Requirement: A word-for-word copy of the following listing is needed. Leave out its images.

---------- Data ----------

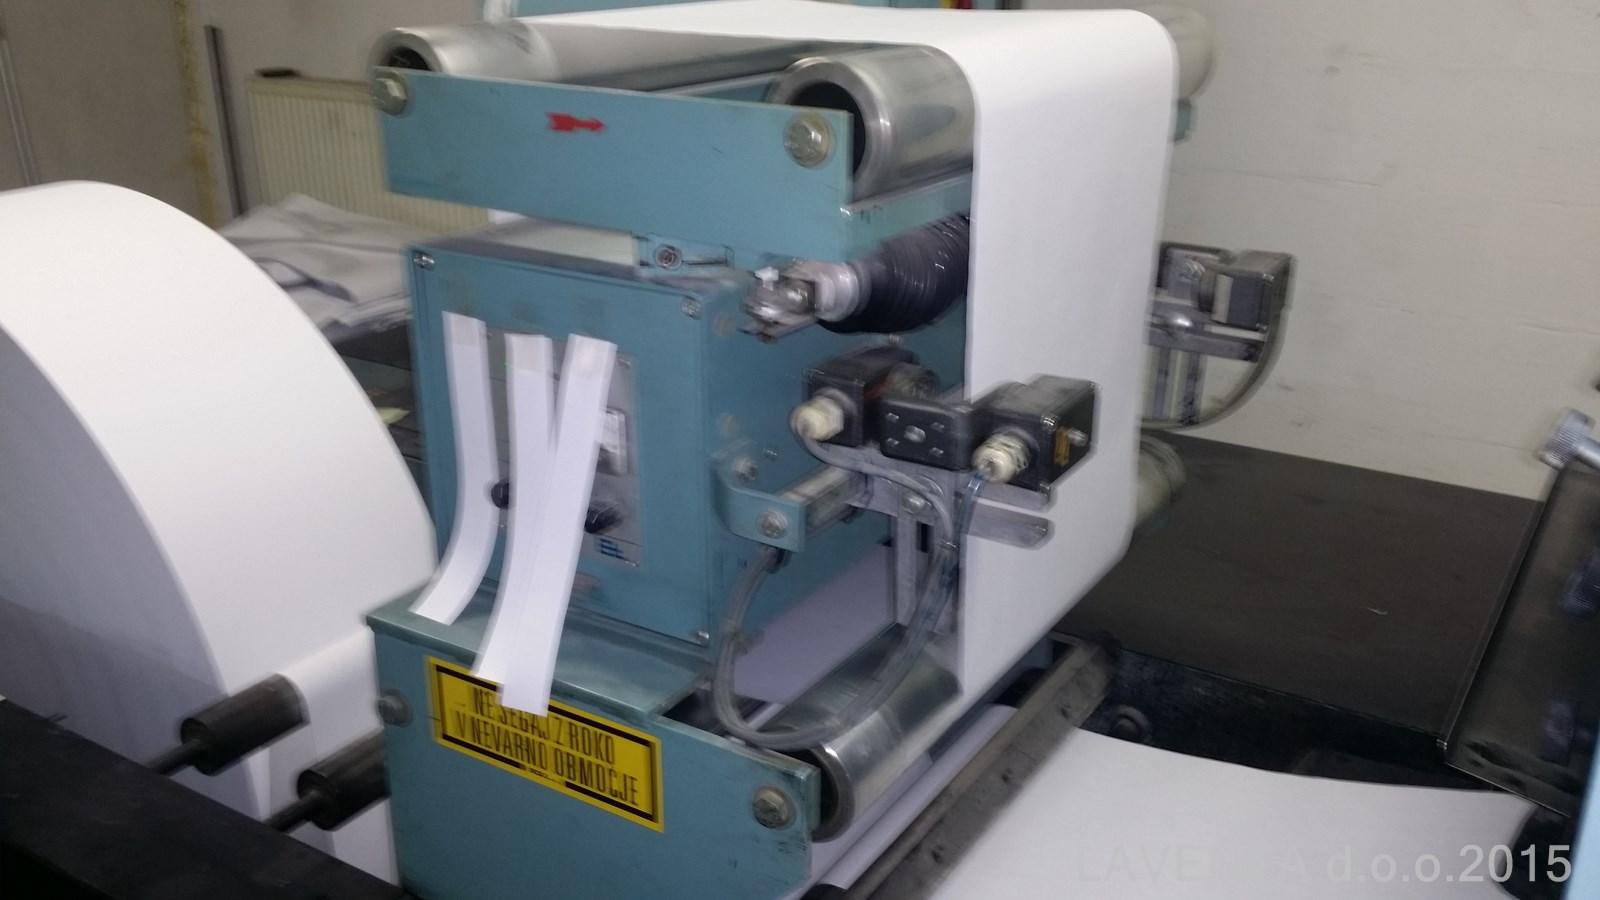 "EDELMANN Form print 17"" Web continuous printing press - Exapro"
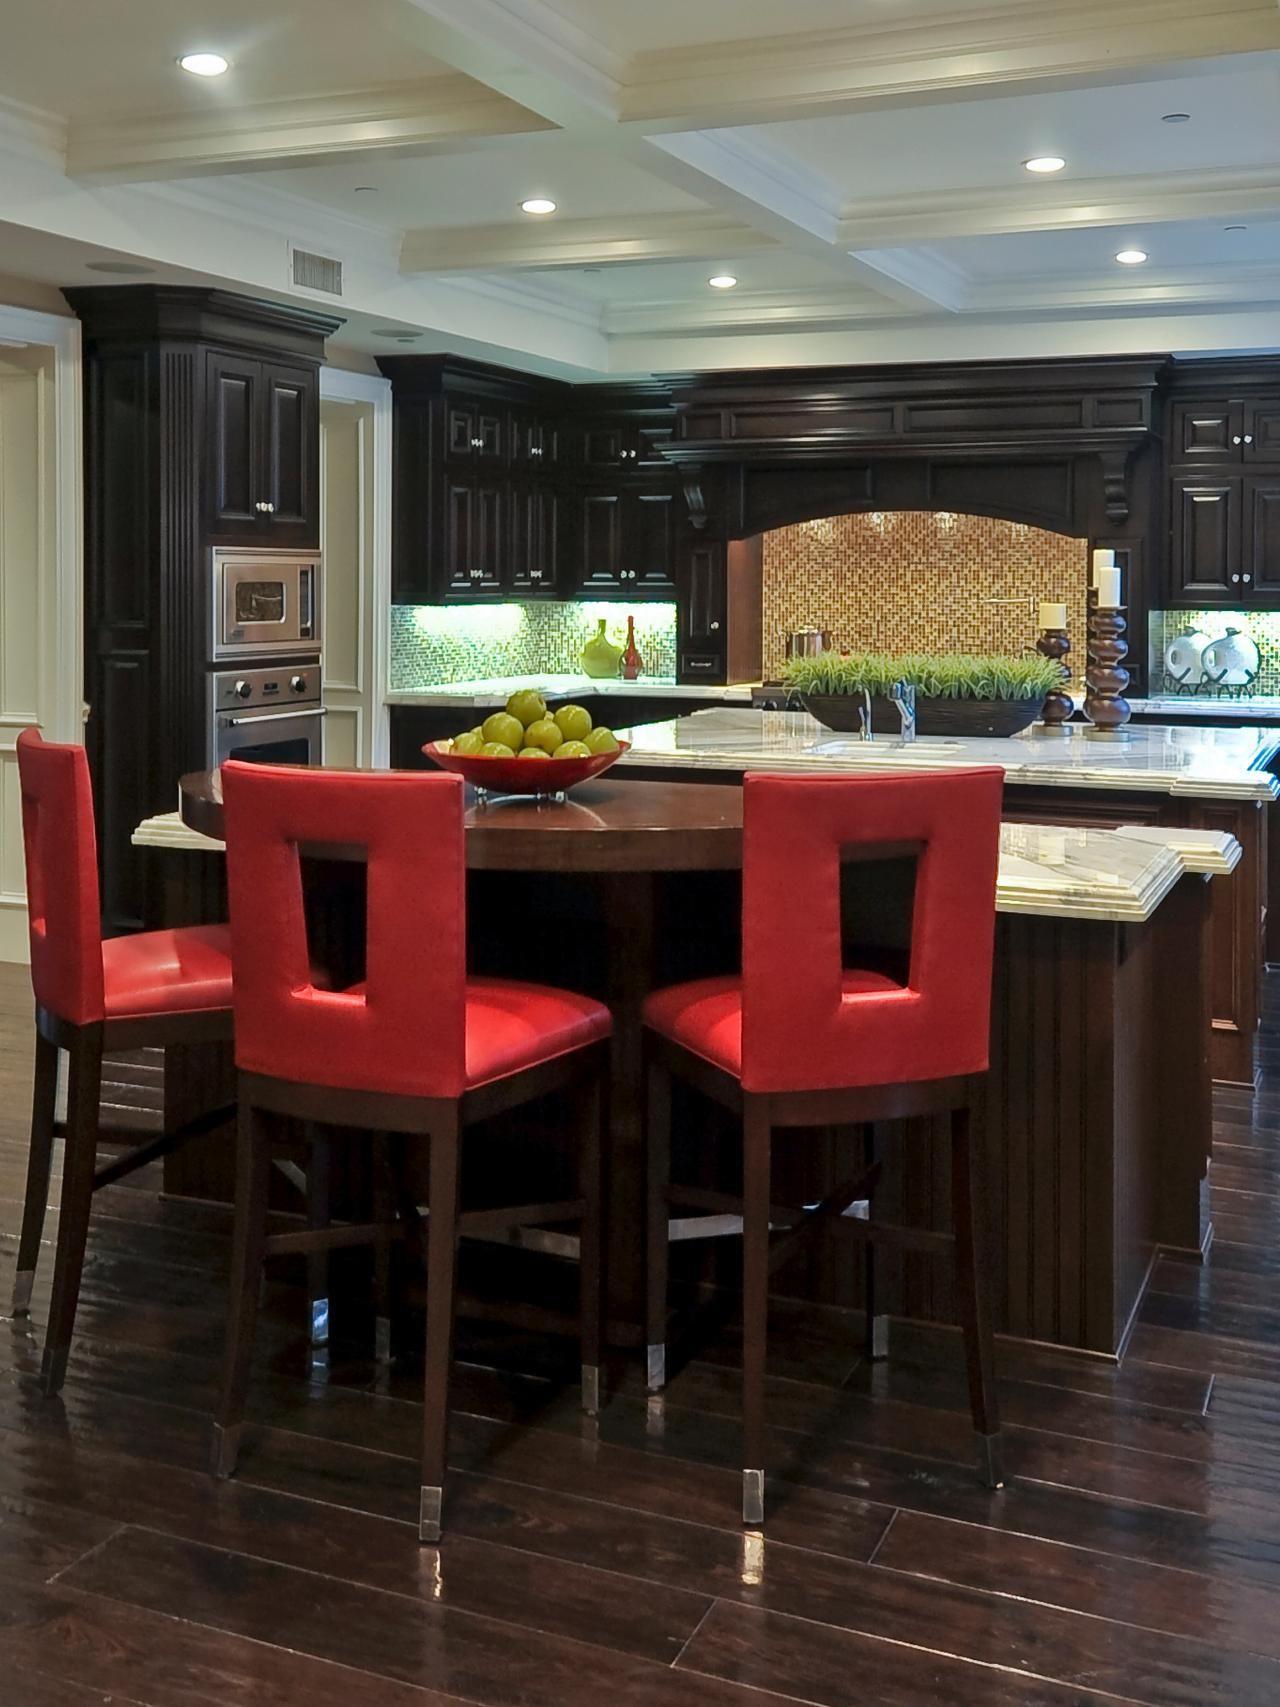 Colorful Kitchens Kitchen Ideas Design   Decoratorist   10750
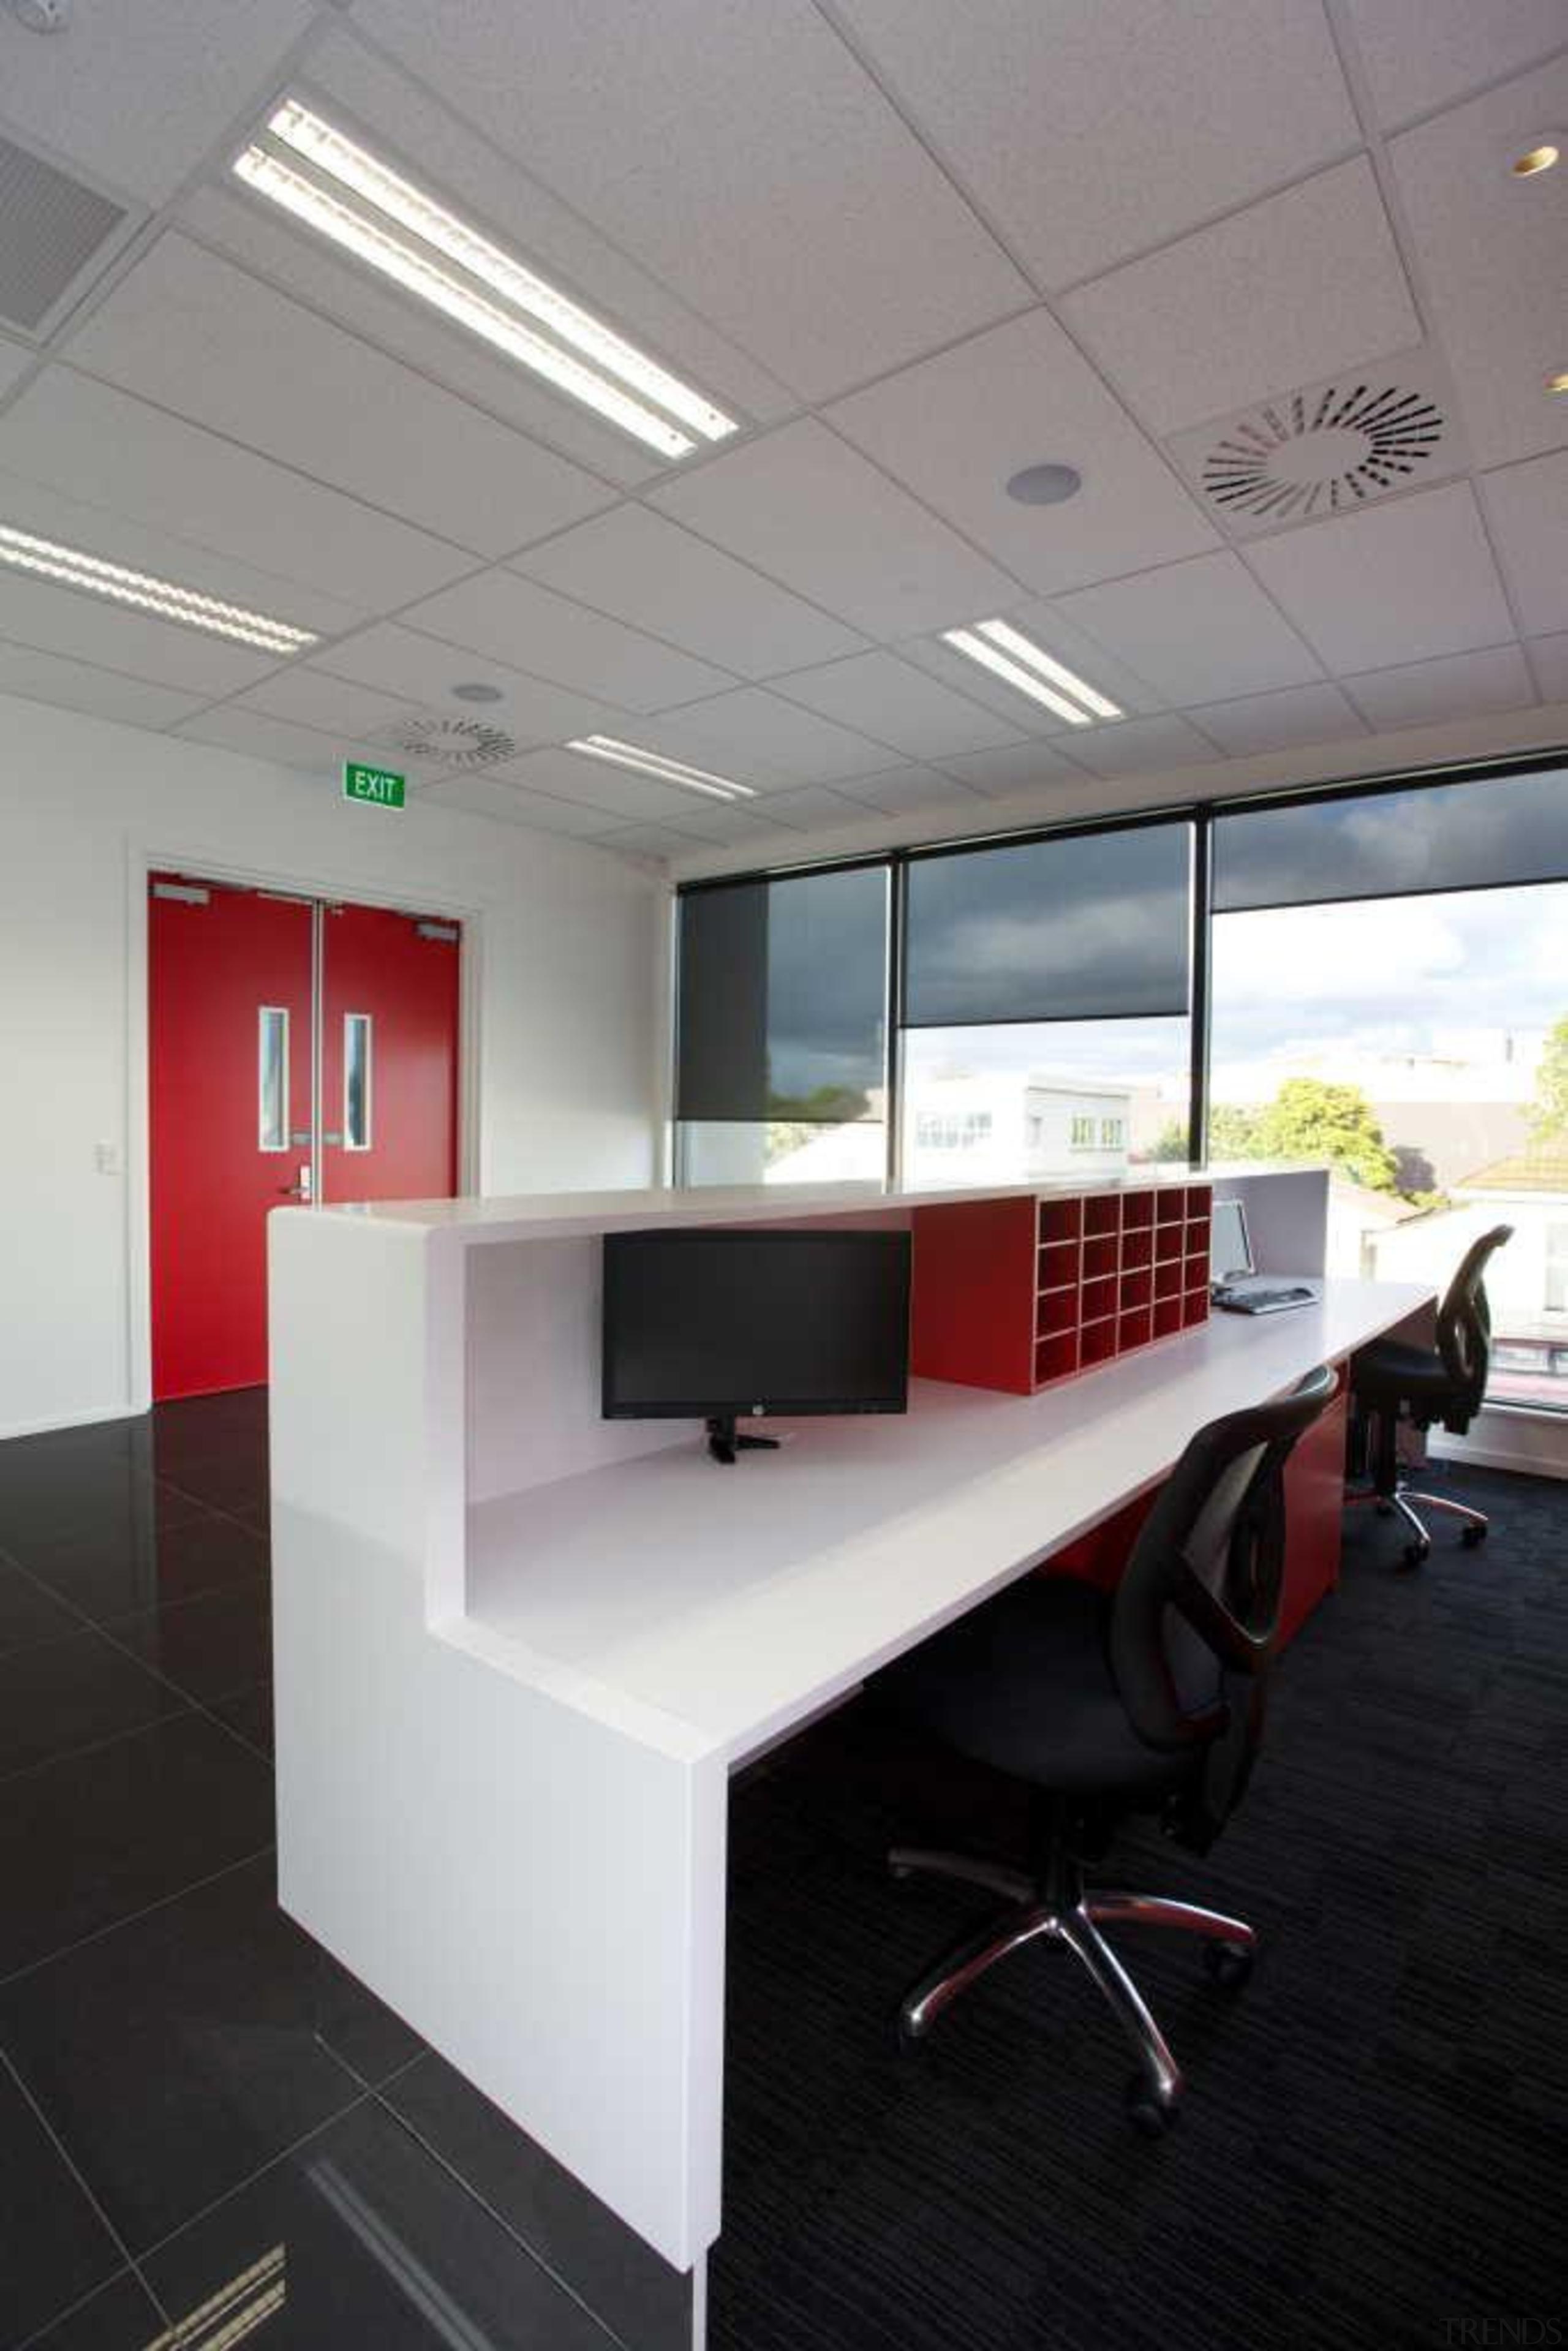 mg45760145207.jpg - mg45760145207.jpg - architecture | ceiling | architecture, ceiling, desk, floor, furniture, interior design, office, product design, gray, black

----------

Expected output:
 "EDELMANN Form print 17"" Web continuous printing press - Exapro"
 Colorful Kitchens Kitchen Ideas Design   Decoratorist   10750
 mg45760145207.jpg - mg45760145207.jpg - architecture | ceiling | architecture, ceiling, desk, floor, furniture, interior design, office, product design, gray, black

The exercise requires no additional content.